Human beings don’t succeed and grow during a crisis. Instead, they numb, deny, and push beyond what they can handle to survive it. Growth comes afterward. It’s also not guaranteed. Plenty of people never recover after living in a state of crisis for a long time.
Most people don’t thrive when they are taught they have no choice but to suck it up and deal. Feeling like a failure every day takes a huge toll that may not show up for years. Sadly, it will eventually show up.
Creating a magical world for your child is an individual decision. It is a parenting and lifestyle choice because it entails tremendous sacrifice. It will also completely change you and your perception of people and the world. However, if following the standard “formula” to create a “high functioning adult” isn’t a guarantee, it’s important to recognize that other paths can be valid.

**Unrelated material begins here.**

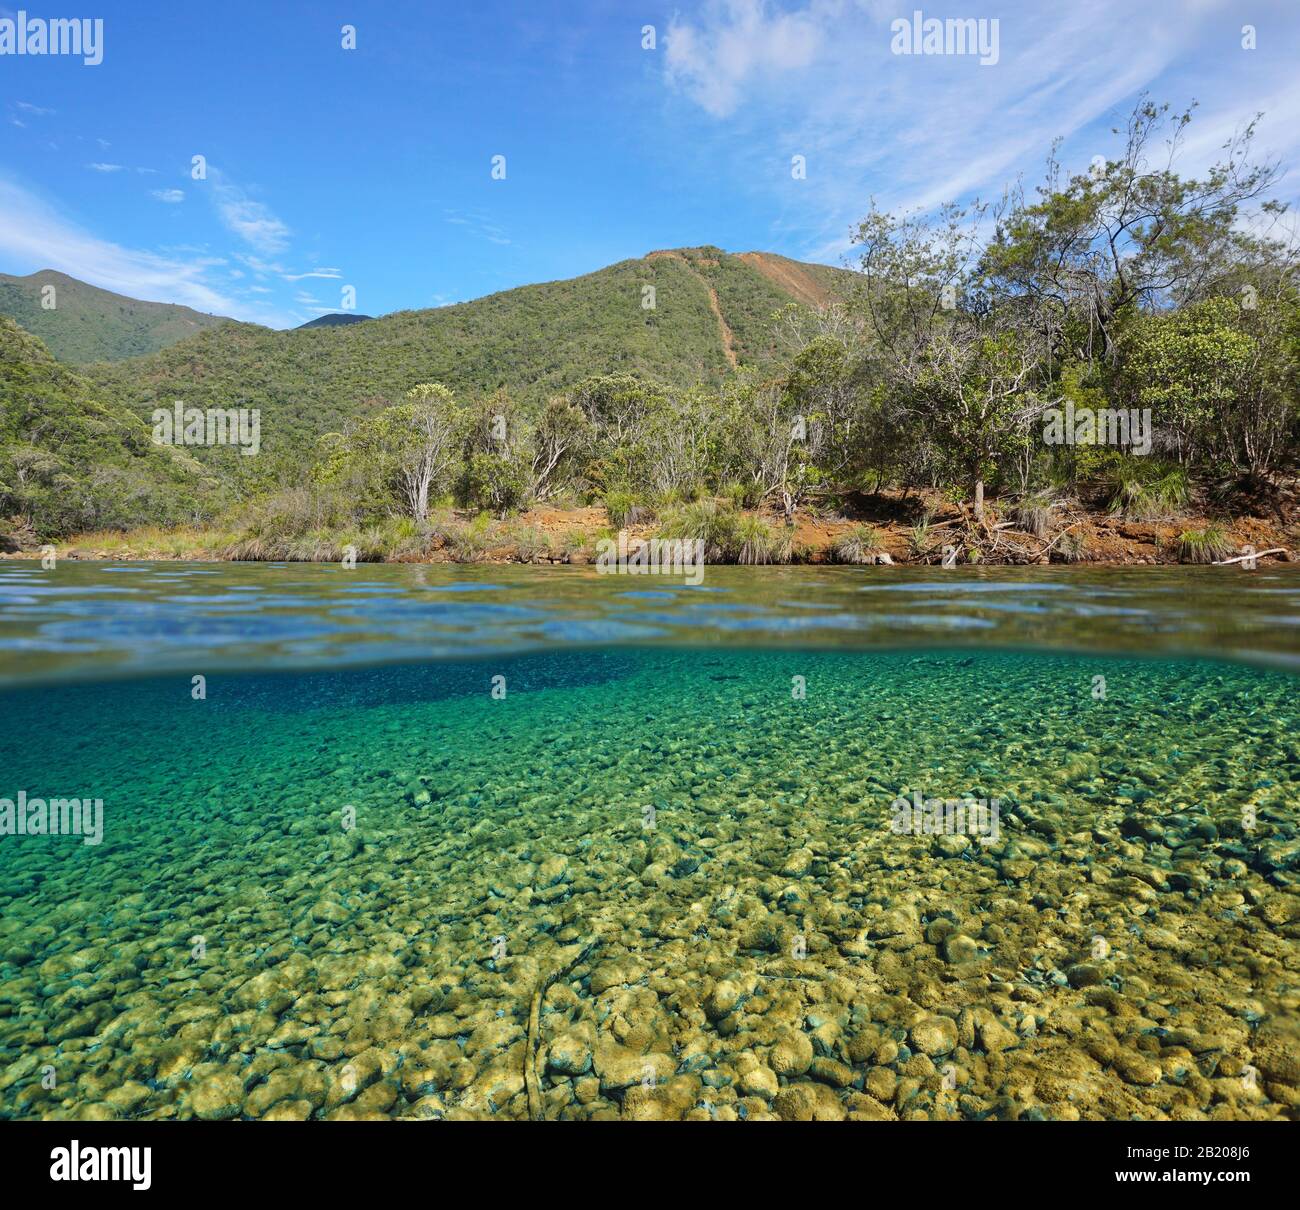 Paysage fluvial avec eau claire en Nouvelle-Calédonie, vue partagée sur et sous la surface de l'eau, Océanie, Grande Terre, Dumbea Banque D'Images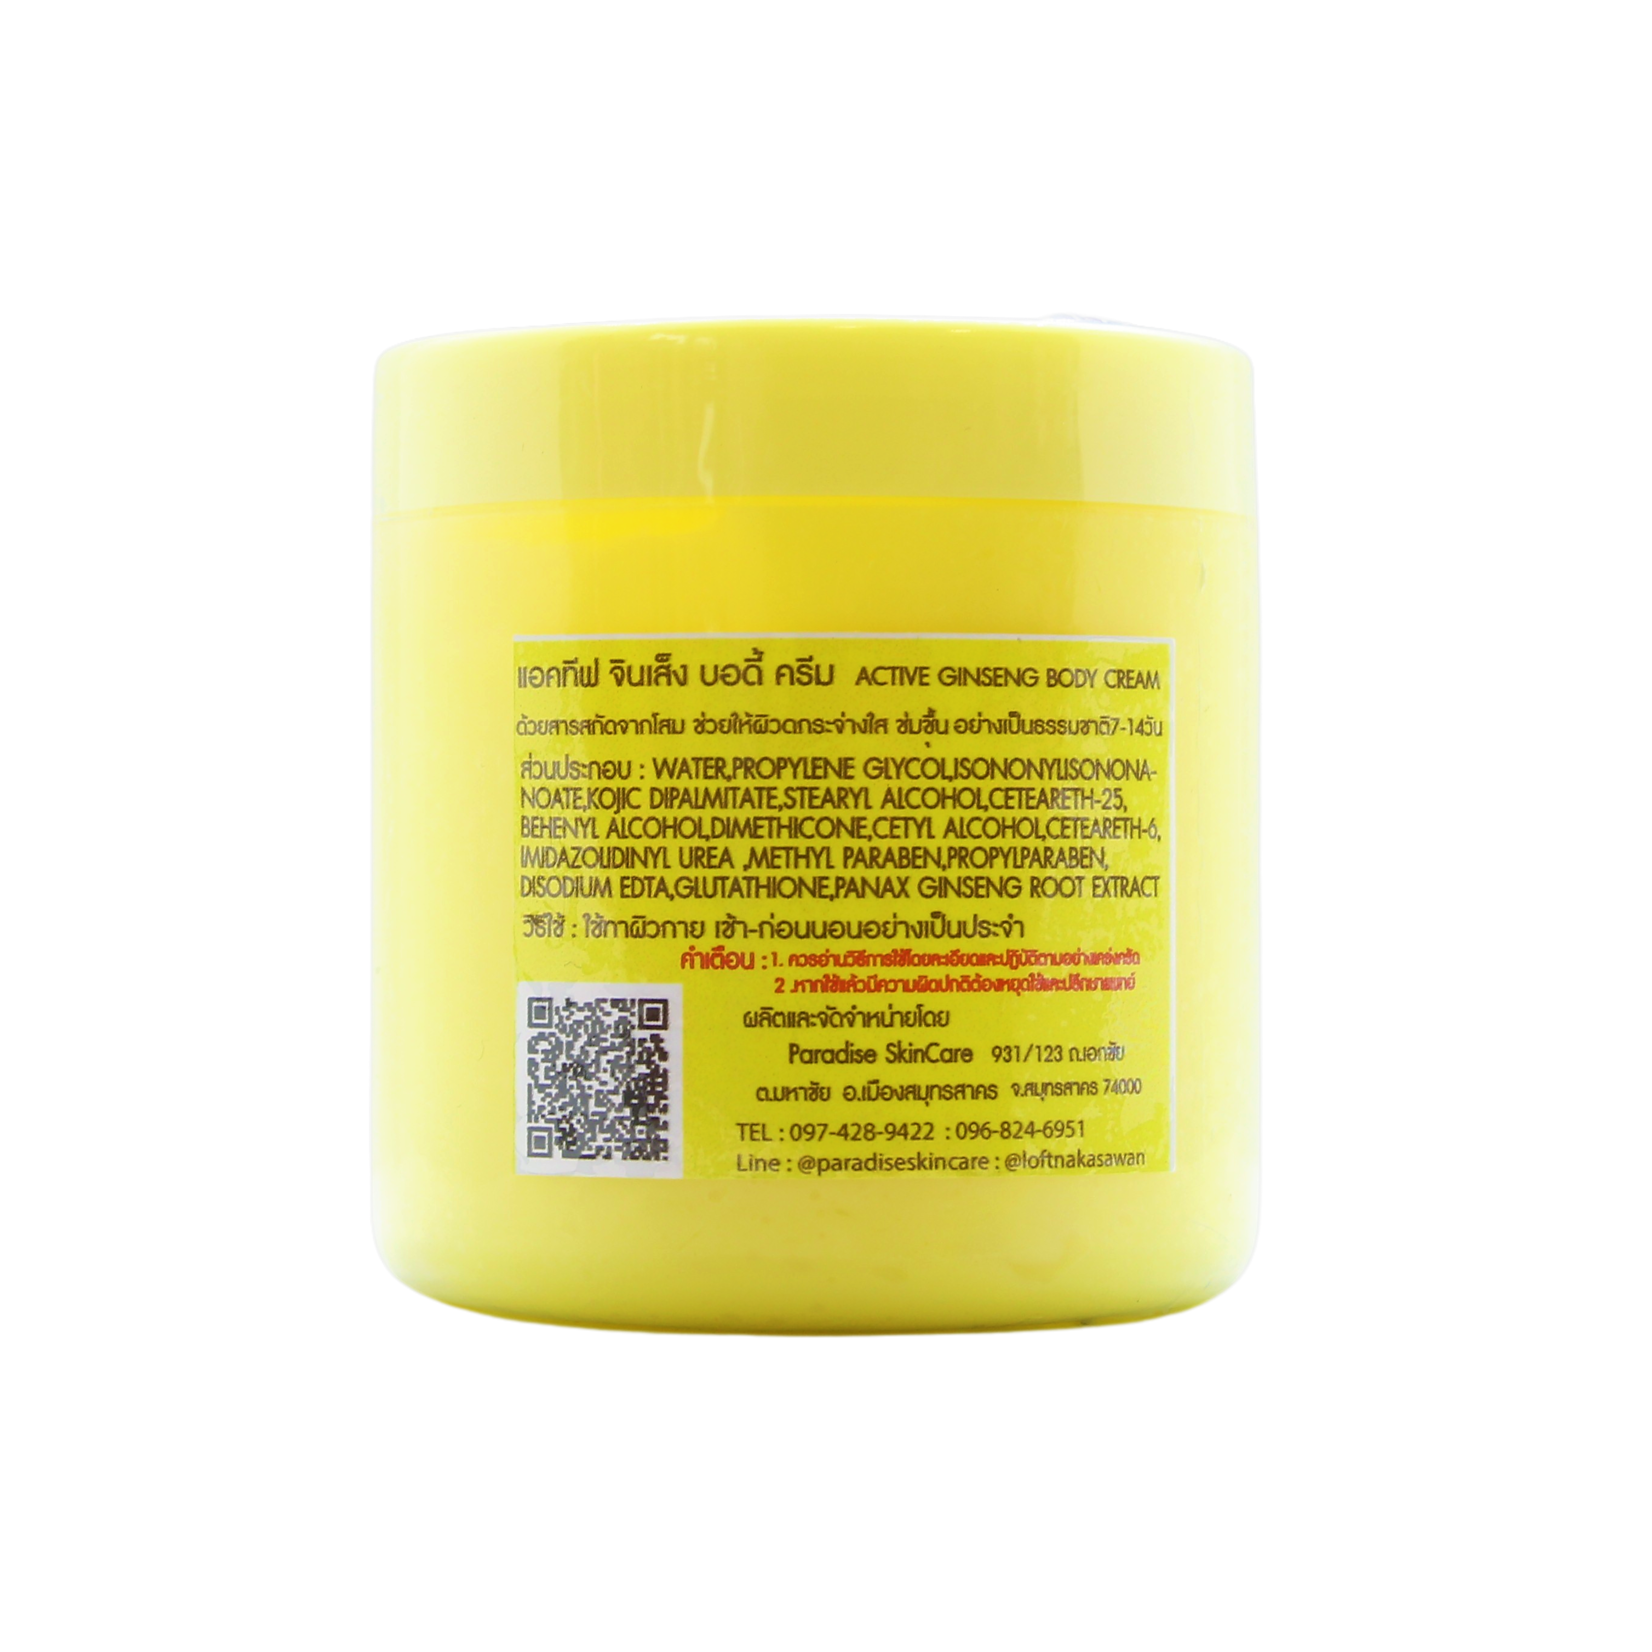 Overige Merken Paradise Skincare active Ginseng body Cream, 250 gram

My experience has taught me that accepting a child’s strengths and challenges and creating a world in which they can manage the former and build on the latter is actually a great set up for success. My girl has goals and dreams. She is still held accountable and responsible for her end of the deal. However, by not forcing her to go numb or be an anxious wreck for the sake of following a formula, she’s learning to set goals and be flexible in how she achieves them.
My girl is 11 now and our magical world will continue to evolve. She and I both know that. We’ve spent 11 years figuring it out together. That strategy seems to be working. I wish I could tell you I had a plan. All I’ve ever had is endless love, hope and determination to give my girl the best life possible. What brings me peace is knowing that, for right now, this works. How do I know? I have an 11 year old special girl who says she is happy and really likes herself.
Like any good magical wizarding story, this one will have twists and turns, victories and defeats. Although I have more data, blogs and Facebook groups than I did 11 years ago, I still haven’t found a book that tells me what to expect in the future. What guides me, what has always guided me, is a promise I made to a 4.5-pound, eight weeks early baby in the NICU: No matter what, we’ll figure this out together.